Andre Khalil
Professor of Biomedical Engineering,
Director, CompuMAINE Lab,
University of Maine, Orono, ME, USA
https://umaine.edu/compumaine/
» Loss of mammographic tissue homeostasis in breast carcinomas «
The current breast cancer projects in my lab investigate individual breast tumors, as well as their microenvironment, through mammography.
Several studies show that malignant tumor growth may develop in fractal patterns. We used the 2D Wavelet-Transform Modulus Maxima (WTMM) method to estimate the 3D fractal structure of breast lesions—in this case, microcalcification clusters—by pairing the information from two separate 2D-projected mammographic views of the same breast. 92% of malignant breast lesions studied were fractal, while 88% of the benign lesions were Euclidean (non-fractal). These results support the notion that the fractal structure of malignant tumors is more likely to be associated with an invasive behavior into the surrounding tissue compared to the less invasive, Euclidean structure of benign tumors.

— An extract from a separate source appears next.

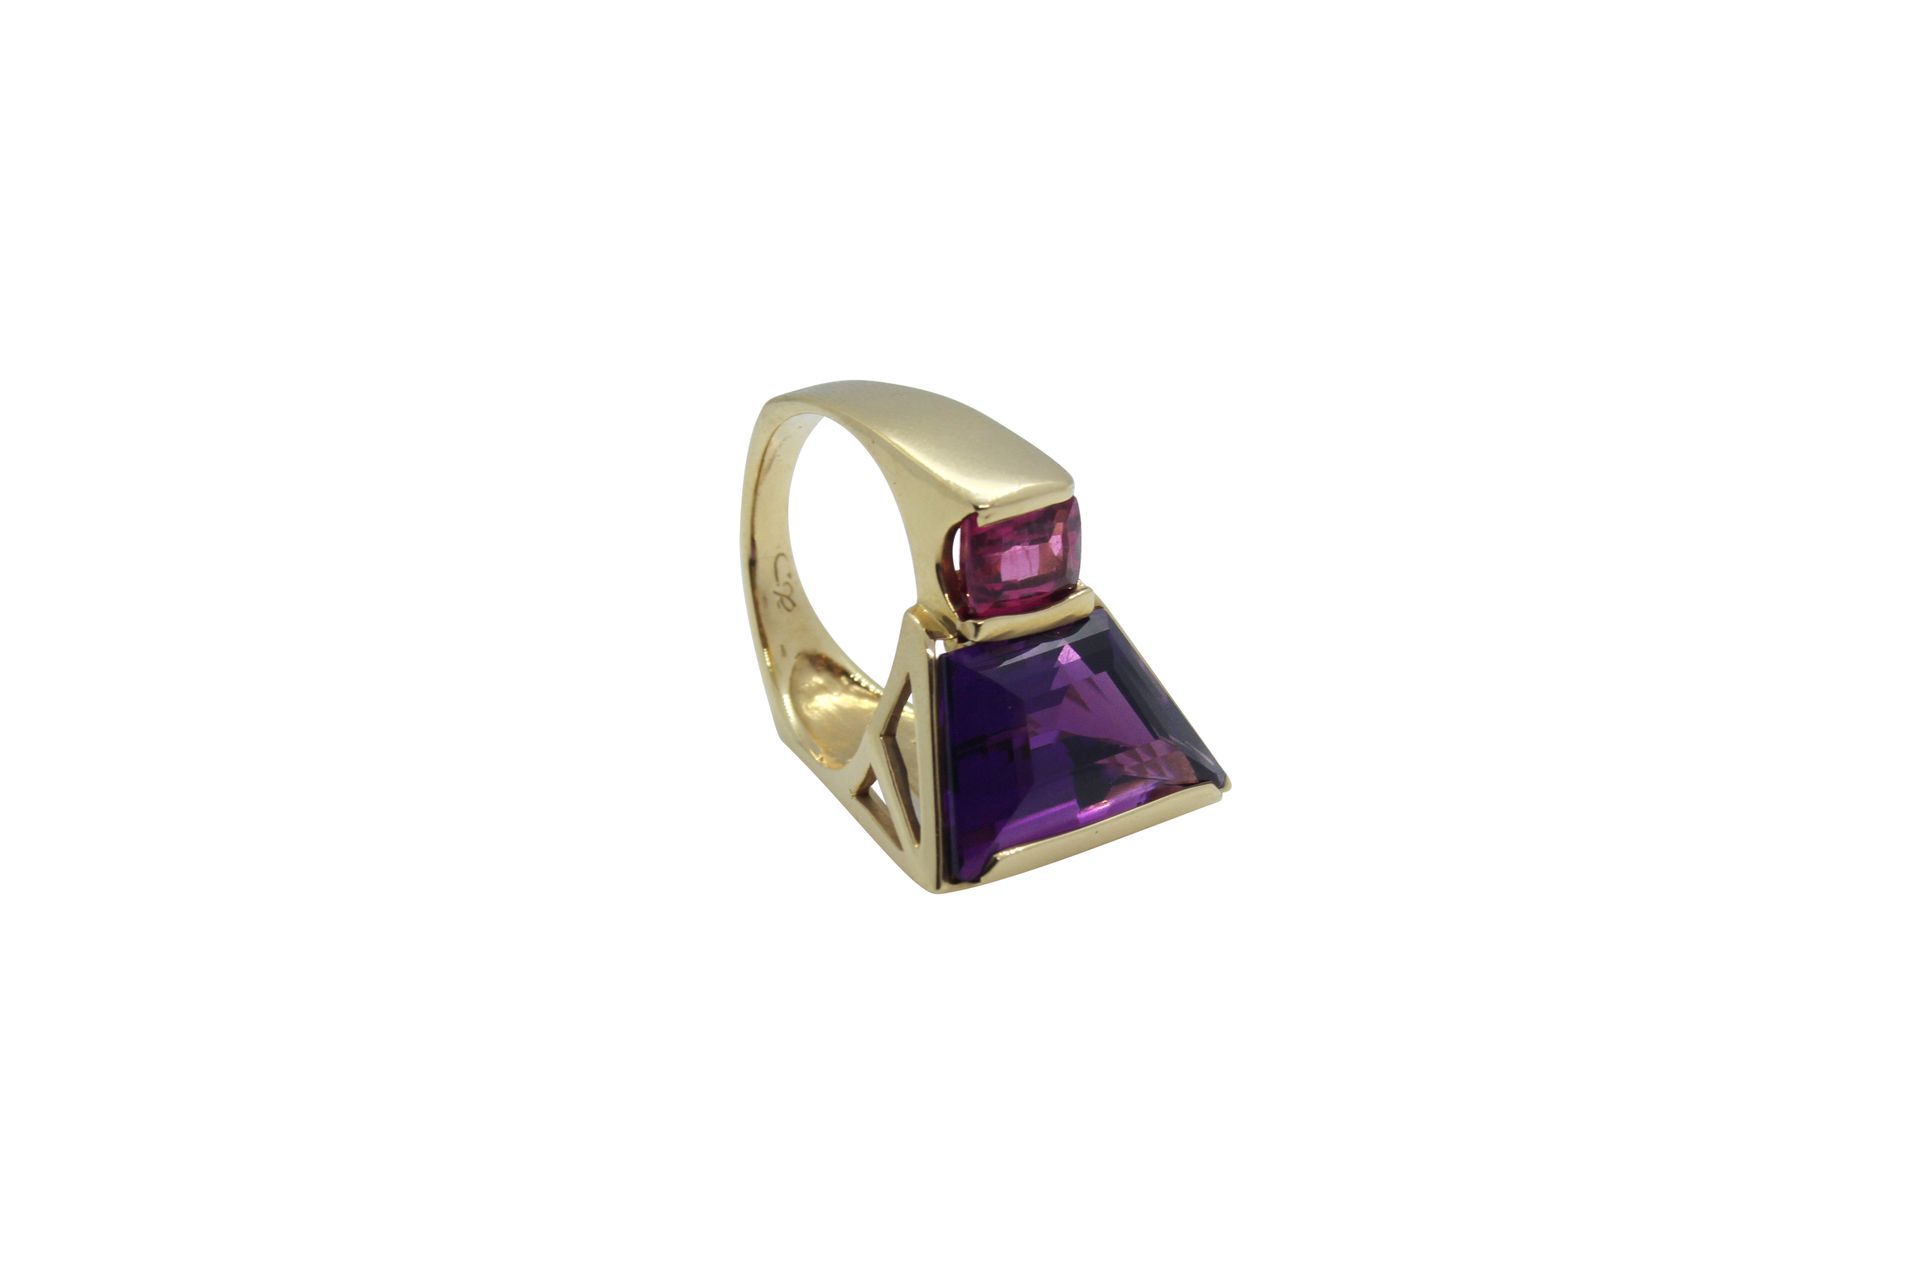 18k gold ring mounted with Tourmaline and Amethyst stones 镶嵌碧玺和紫水晶石头的18K金戒指。毛重约1&hellip;

The multicellular architecture and organization of the ductal tree of the mammary gland has coherent cellular movement within an extracellular matrix cocoon that guides formation of structural units of tissues important for quiescence and homeostasis. This motivated us to “think outside the tumor”. We verified the hypothesis that this disruption of coherent angular motion, and the consequential adoption of randomized motility associated to malignant transformation, is a physical phenomenon that we can characterize quantitatively via the roughness fluctuation analysis of mammographic microenvironment tissue. When compared to normal tissue environment, the tissue in the microenvironment of tumors is disrupted, as quantified via the 2D WTMM method. The density fluctuations in healthy mammographic breast tissue, characterized by their surface roughness by the Hurst exponent, H, is either H~1/3 (high roughness) for fatty tissue or H~2/3 (low roughness) for dense tissue. However, increasing numbers of tissue regions with H~1/2 were found surrounding tumors. We infer that the underlying physical processes associated with breast tumors have a H~1/2 signature, which indicates randomness, lack of spatial correlation, and free diffusion.